Scan the listing below and copy every line holding "Digital".

---+---

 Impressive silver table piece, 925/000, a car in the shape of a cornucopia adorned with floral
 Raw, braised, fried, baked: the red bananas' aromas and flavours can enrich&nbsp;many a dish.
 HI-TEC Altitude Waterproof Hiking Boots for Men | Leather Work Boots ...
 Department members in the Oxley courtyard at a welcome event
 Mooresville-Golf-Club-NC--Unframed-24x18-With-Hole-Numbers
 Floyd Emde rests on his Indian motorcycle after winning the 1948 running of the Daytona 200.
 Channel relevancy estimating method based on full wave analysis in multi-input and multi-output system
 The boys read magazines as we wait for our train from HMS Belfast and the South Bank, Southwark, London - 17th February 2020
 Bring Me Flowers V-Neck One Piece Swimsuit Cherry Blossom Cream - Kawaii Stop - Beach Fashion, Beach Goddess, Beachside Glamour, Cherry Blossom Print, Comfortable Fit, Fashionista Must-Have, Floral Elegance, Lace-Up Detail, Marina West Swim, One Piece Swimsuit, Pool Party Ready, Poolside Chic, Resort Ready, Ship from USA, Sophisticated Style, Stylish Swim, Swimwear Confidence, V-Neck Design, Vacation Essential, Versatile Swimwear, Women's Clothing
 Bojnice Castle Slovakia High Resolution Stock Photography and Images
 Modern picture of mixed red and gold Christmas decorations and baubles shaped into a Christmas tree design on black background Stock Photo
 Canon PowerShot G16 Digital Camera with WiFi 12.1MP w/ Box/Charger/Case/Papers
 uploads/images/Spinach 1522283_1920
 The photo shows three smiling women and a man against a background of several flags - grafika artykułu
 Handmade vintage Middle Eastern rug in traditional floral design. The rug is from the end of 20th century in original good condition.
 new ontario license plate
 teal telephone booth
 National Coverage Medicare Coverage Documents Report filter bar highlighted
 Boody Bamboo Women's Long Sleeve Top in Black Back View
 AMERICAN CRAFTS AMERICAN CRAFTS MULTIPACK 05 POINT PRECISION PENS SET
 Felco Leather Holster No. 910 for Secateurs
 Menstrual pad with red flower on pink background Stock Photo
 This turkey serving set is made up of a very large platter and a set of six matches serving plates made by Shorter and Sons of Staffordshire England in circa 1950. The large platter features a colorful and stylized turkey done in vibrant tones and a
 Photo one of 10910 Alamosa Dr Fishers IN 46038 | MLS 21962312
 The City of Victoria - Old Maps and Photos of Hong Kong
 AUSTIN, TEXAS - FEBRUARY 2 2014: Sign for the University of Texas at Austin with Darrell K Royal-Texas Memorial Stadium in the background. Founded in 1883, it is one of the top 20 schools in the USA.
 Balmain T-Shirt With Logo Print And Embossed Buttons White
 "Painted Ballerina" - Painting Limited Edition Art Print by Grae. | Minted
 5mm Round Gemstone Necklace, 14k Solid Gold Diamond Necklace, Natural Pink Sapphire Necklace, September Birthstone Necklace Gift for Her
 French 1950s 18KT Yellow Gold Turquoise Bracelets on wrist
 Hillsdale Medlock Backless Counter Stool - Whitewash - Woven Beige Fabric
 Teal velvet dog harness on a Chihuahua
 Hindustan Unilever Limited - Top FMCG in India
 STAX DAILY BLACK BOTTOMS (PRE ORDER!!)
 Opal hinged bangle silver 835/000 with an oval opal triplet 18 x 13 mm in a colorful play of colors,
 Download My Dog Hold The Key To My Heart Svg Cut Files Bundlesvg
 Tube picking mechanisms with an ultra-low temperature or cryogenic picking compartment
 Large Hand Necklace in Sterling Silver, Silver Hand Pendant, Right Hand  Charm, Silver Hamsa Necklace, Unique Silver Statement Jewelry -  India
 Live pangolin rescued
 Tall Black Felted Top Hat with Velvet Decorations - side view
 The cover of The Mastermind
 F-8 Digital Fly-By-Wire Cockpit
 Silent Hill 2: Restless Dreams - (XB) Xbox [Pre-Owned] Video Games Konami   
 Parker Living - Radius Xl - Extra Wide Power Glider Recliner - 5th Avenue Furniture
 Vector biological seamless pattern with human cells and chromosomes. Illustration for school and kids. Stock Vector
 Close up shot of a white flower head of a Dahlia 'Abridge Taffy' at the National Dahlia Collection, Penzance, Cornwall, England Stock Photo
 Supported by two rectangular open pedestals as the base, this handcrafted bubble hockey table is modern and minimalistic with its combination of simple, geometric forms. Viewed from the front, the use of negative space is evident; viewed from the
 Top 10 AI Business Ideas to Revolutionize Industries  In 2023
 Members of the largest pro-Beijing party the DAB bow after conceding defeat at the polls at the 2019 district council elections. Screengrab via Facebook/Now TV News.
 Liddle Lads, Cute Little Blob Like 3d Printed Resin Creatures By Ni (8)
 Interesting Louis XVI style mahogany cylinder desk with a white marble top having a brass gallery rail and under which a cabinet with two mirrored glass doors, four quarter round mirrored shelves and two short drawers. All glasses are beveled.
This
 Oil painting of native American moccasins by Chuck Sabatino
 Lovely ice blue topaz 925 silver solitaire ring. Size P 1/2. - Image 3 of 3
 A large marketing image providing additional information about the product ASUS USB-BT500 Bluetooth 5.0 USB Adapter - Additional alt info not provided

---+---

• EXERCISE RESPONSE:
 Canon PowerShot G16 Digital Camera with WiFi 12.1MP w/ Box/Charger/Case/Papers
 F-8 Digital Fly-By-Wire Cockpit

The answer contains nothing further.